TBILISI, DFWatch – The government is retracting on several of its eleventh-hour changes to the Georgian election law, but stands firm on not allowing video surveillance in polling stations and defends the right of governors to participate in the election campaign.
This emerged Friday in comments made by a member of the editorial group which has worked out the text of the draft law, Mamuka Katsitadze, of the New Rights party.
When the ruling party suddenly introduced changes to the draft law without consulting anyone in August, several organizations objected, such as the Georgian Young Lawyers Association, Transparency International Georgia and International Society for Democracy and Fair Elections. They objected that a number of issues needed to be changed, especially when it comes to issues which were introduced right before the draft law was finished, and after an agreement had been signed with two opposition factions.
The Venice Commission also criticized the last minute changes. During their recent working visit to Georgia, the Commission said it was necessary to stick to the terms of the agreement.
According to Mamuka Katsitadze, the government is now backing down on all these issues, except two.
“Those two issues are about the surveillance cameras [in polling stations] and the governors’ participation in the election campaign. But still, their decision regarding these two issues – especially about the governors – is not their final position. It may also be changed. The government is more categorical about the surveillance camera issue. And their argument is the Council of Europe recommendation. As for the governors, the European Council position falls in line with ours and that’s why they cannot simply refuse. They say that the discussions will continue,” Mamuka Katsitadze says.
The other eleventh hour changes are to stop doing the finger marking, to keep secret the total number of voters and to increase the authority of the Central Elections Commission chairman. Katsitadze claims the government retracted on all these issues.
But he also explains that it won’t be technically possible to remove those issues from the draft law until the Venice Commission has published its conclusion, which is said to happen on 16 or 17 December, according to Tomas Markert, the Venice Commission chairman, who visited Georgia in October.
He says the government reached an agreement yesterday with non-governmental organizations about the cancelling of the surprise changes to the election system.

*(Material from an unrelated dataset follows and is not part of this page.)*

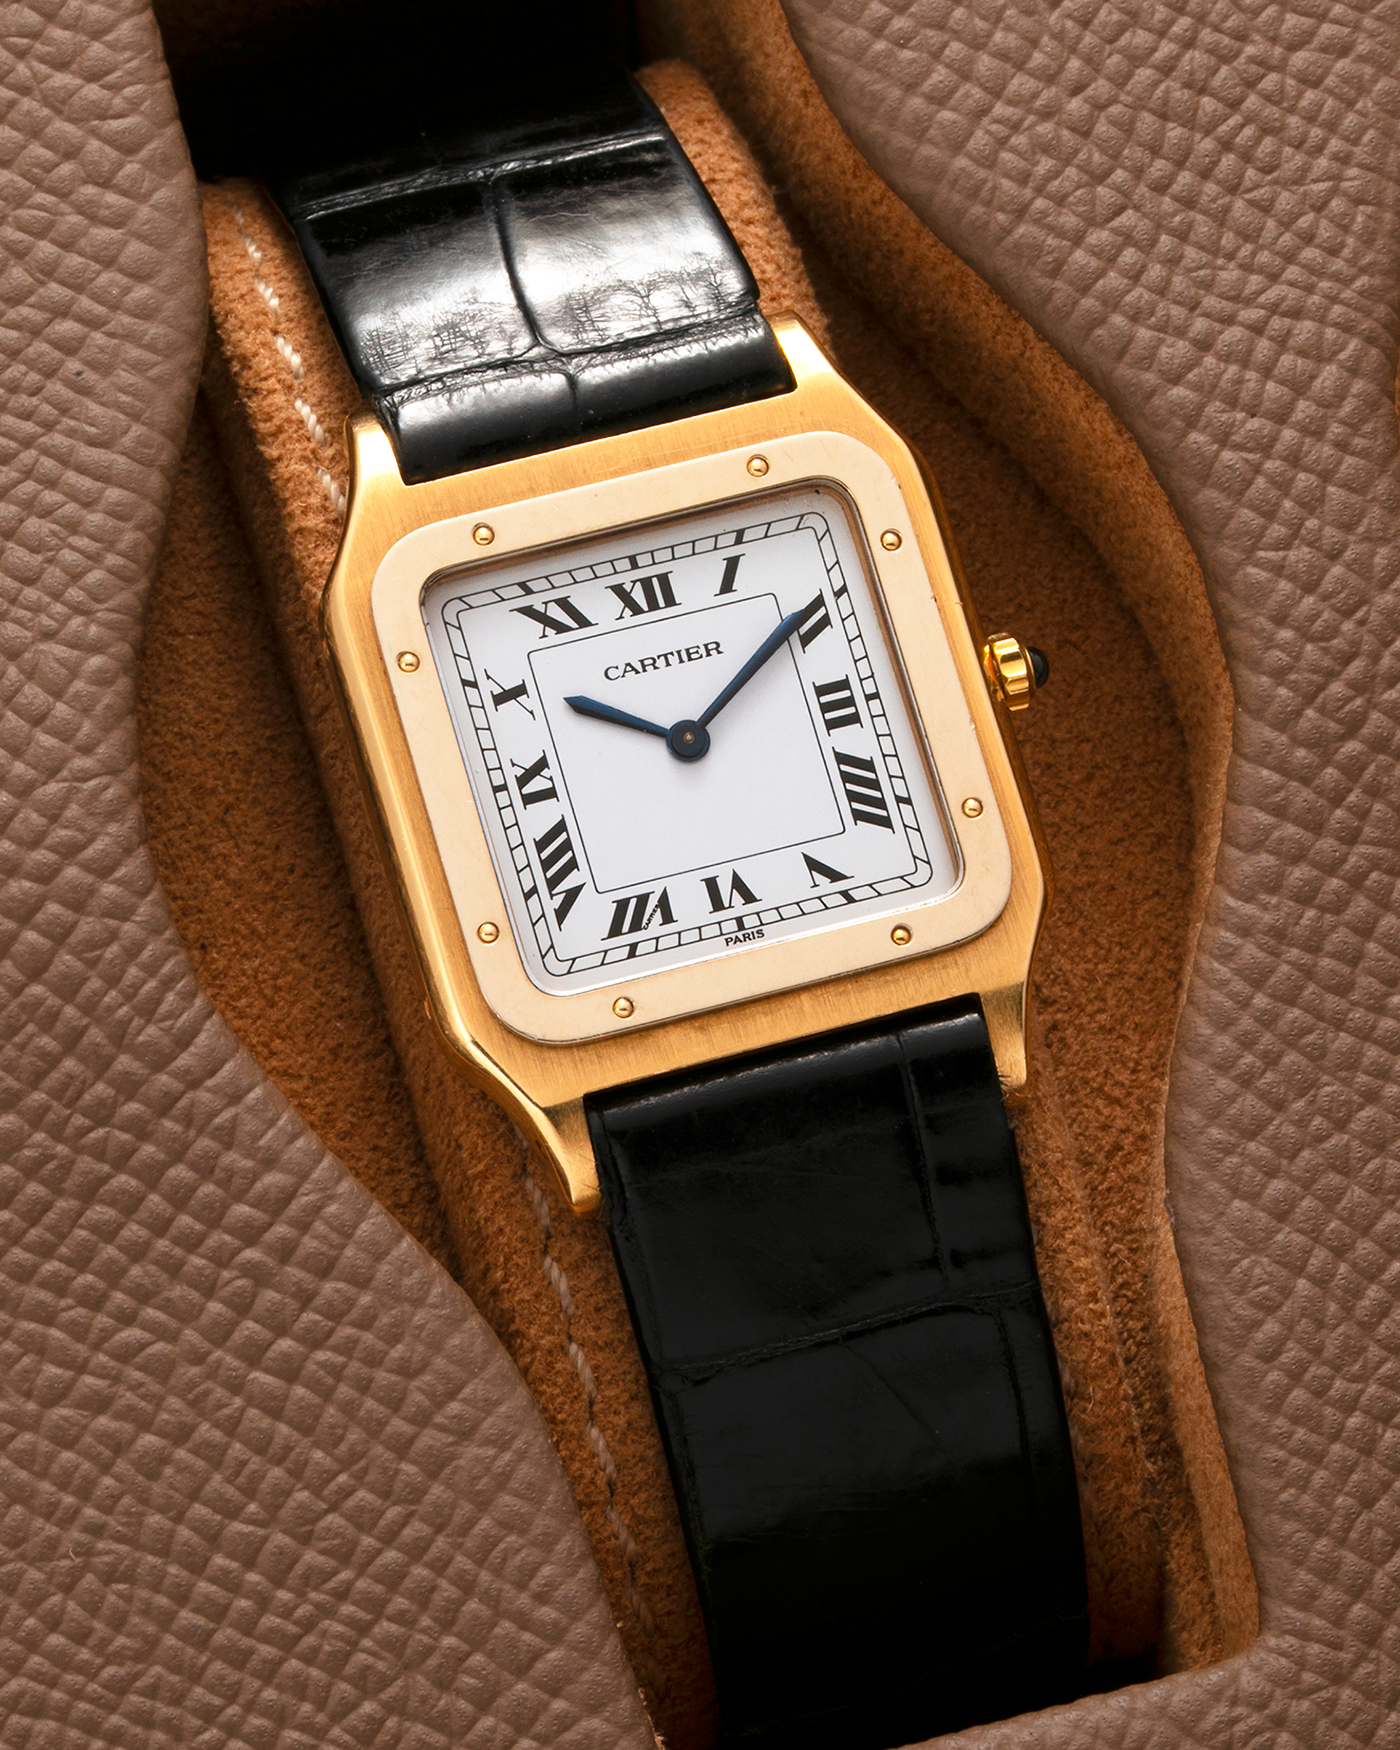 Brand: Cartier Year: 1980s Model: Santos Dumont Reference: 1575 Material: 18-carat Yellow Gold Movement: Frédéric Piguet based Cal. 021 MC, Manual-Winding Case Diameter: 27mm x 36mm Strap: Cartier Black Leather Strap with Signed 18-carat Yellow Gold Tang Buckle

Georgia’s new election law was sent to the Venice Commission for review in August. But it was revealed that the draft contained significant changes inserted in the last moment which were not part of the agreement which the government formed with two opposition factions. These included to do away with the finger marking process and no longer have surveillance cameras at polling stations, as well as increased secrecy around the total number of voters and allowing companies that are part owned by the government to finance parties in the election.